▸ **Problem requirements**
Before copying, set the images aside; then transcribe every entry below exactly.

▸ **Listed records**
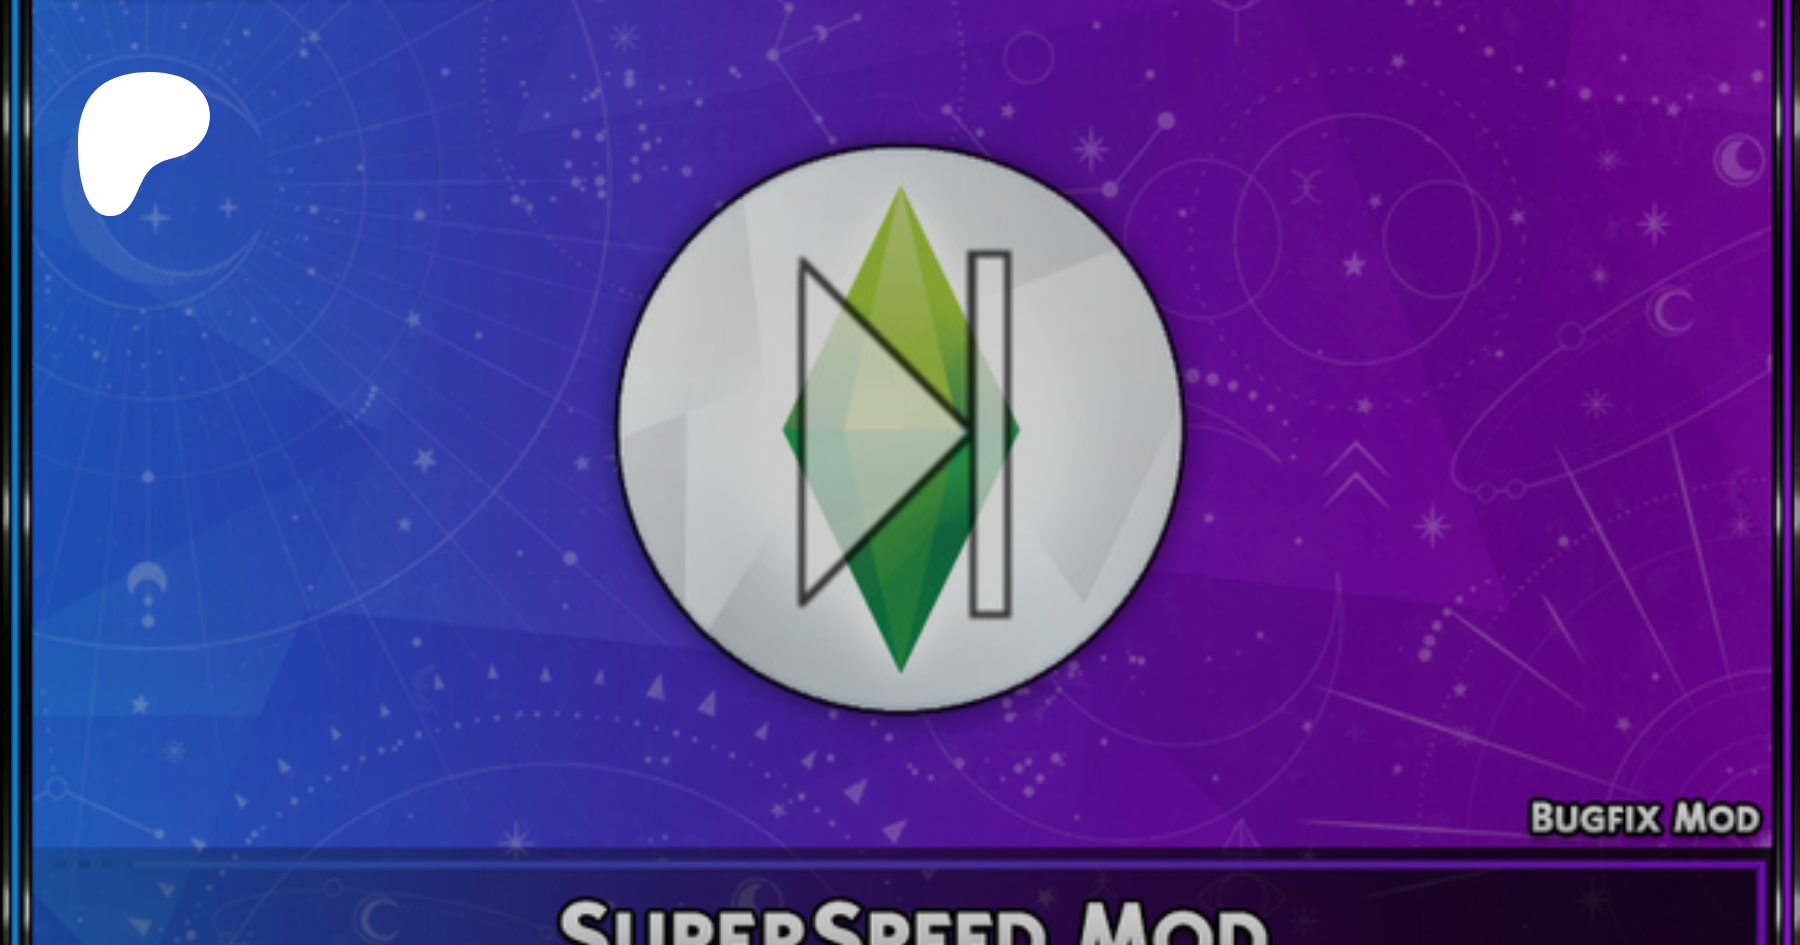 SuperSpeed Mod
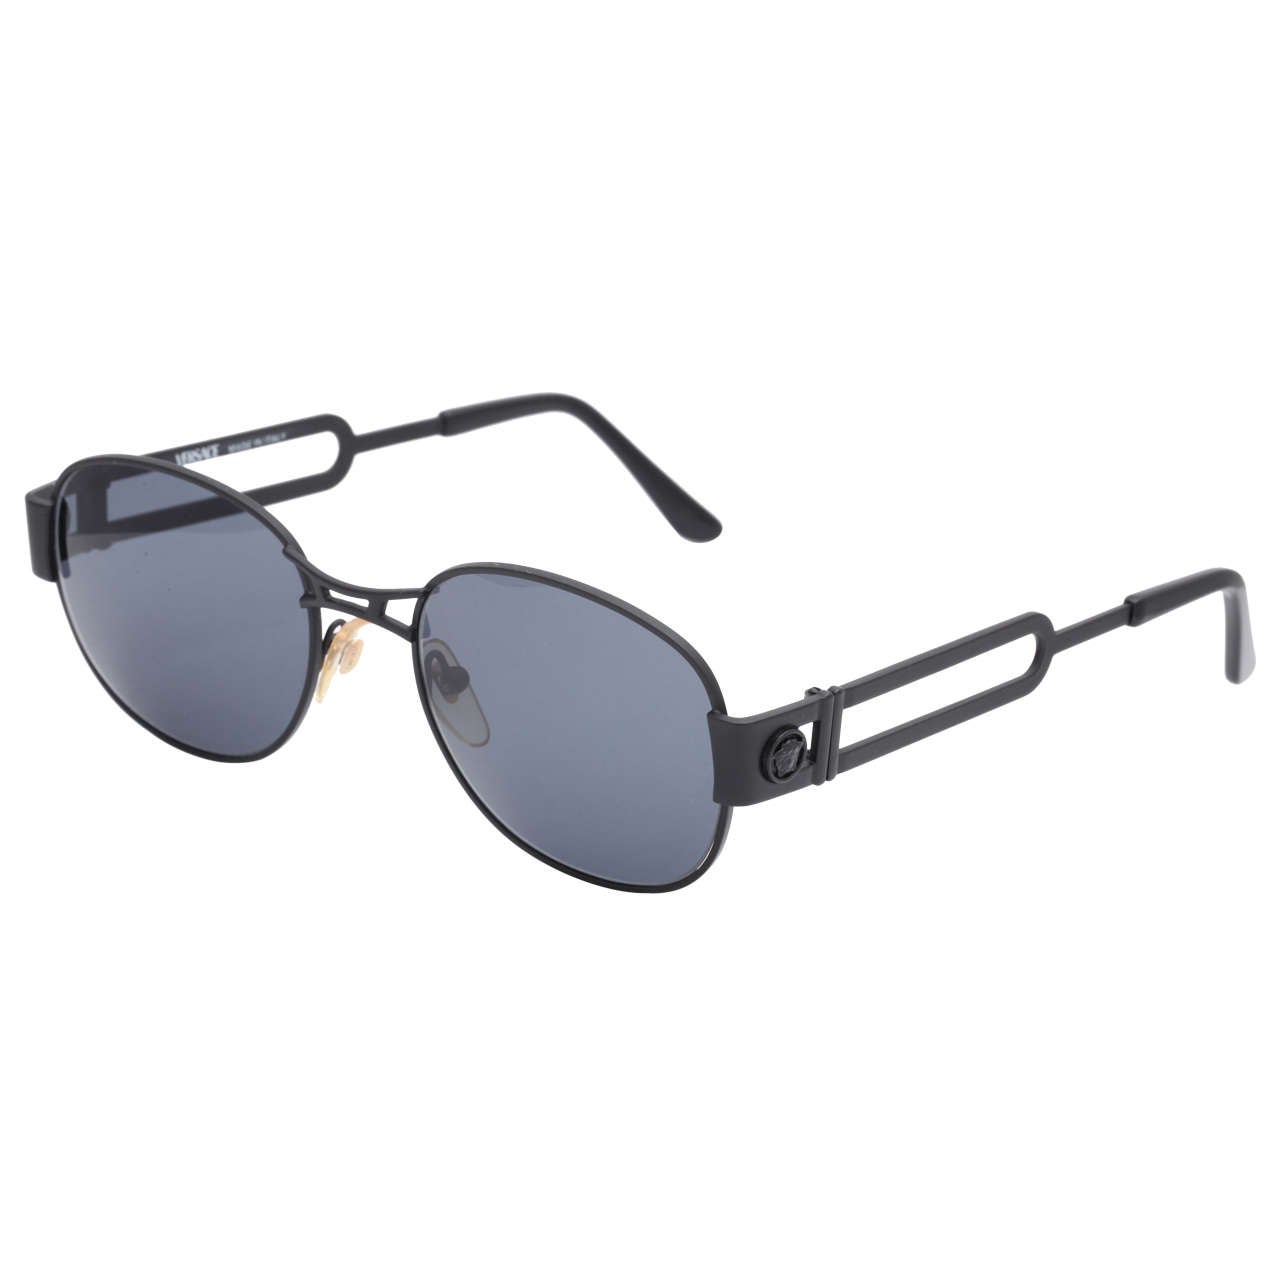 Gianni Versace Vintage Sunglasses Mod S57 Col 028 For Sale
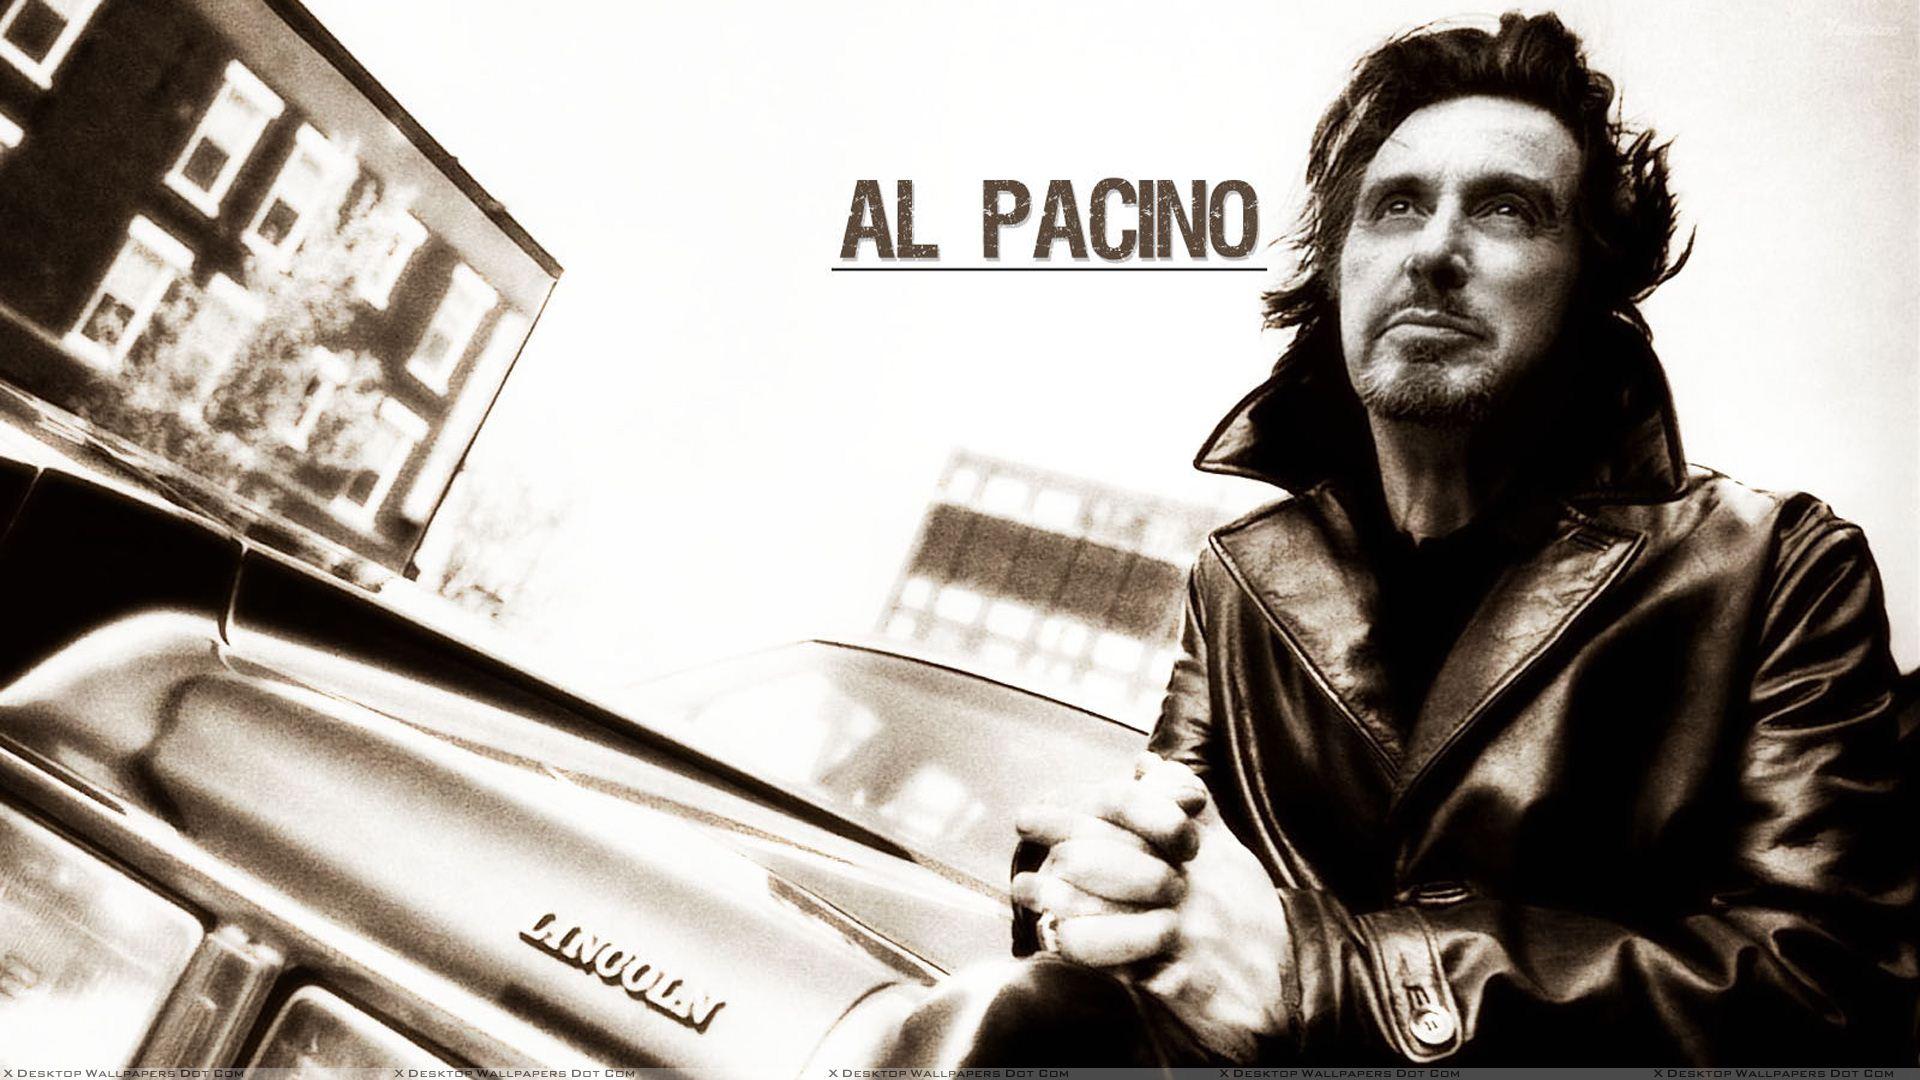 Al Pacino Wallpaper, Photo & Image in HD
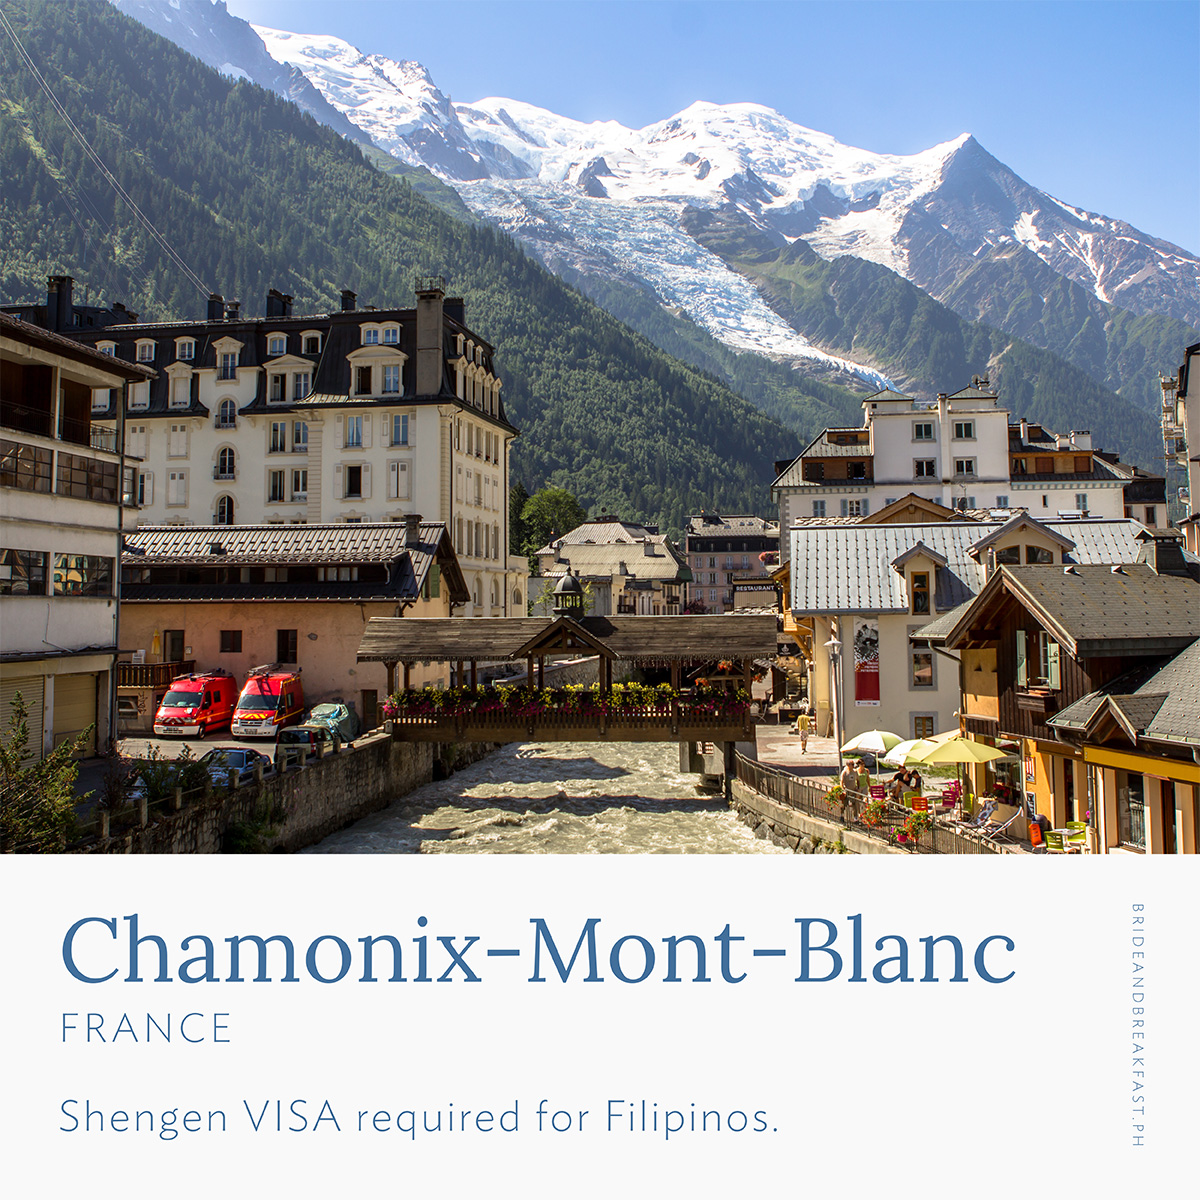 CHAMONIX-MONT-BLANC, FRANCE Visa Requirement: Shengen Visa required for Filipinos.
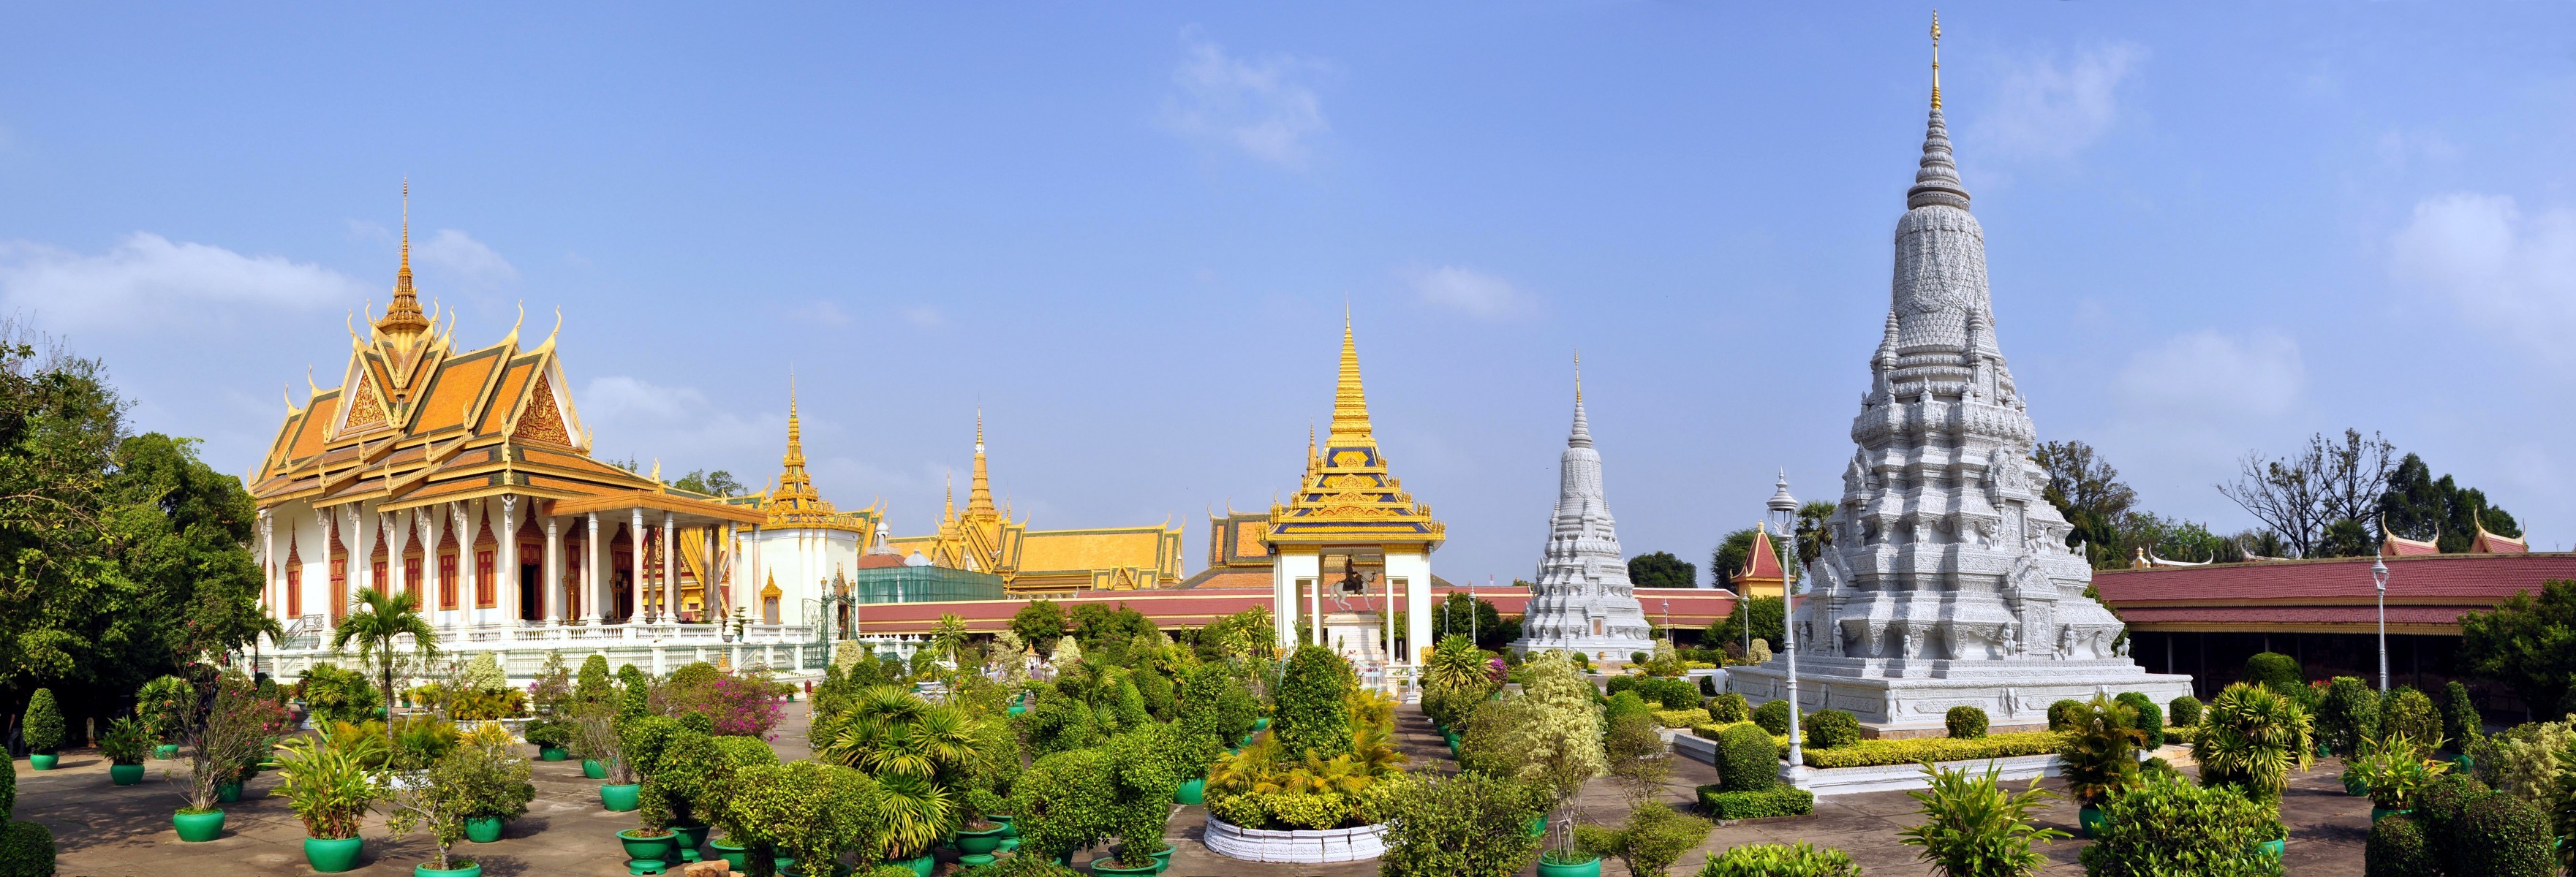 Royal Palace - Phnom Penh - Cambodia

▸ **Your response**
 SuperSpeed Mod
 Gianni Versace Vintage Sunglasses Mod S57 Col 028 For Sale
 Al Pacino Wallpaper, Photo & Image in HD
 CHAMONIX-MONT-BLANC, FRANCE Visa Requirement: Shengen Visa required for Filipinos.
 Royal Palace - Phnom Penh - Cambodia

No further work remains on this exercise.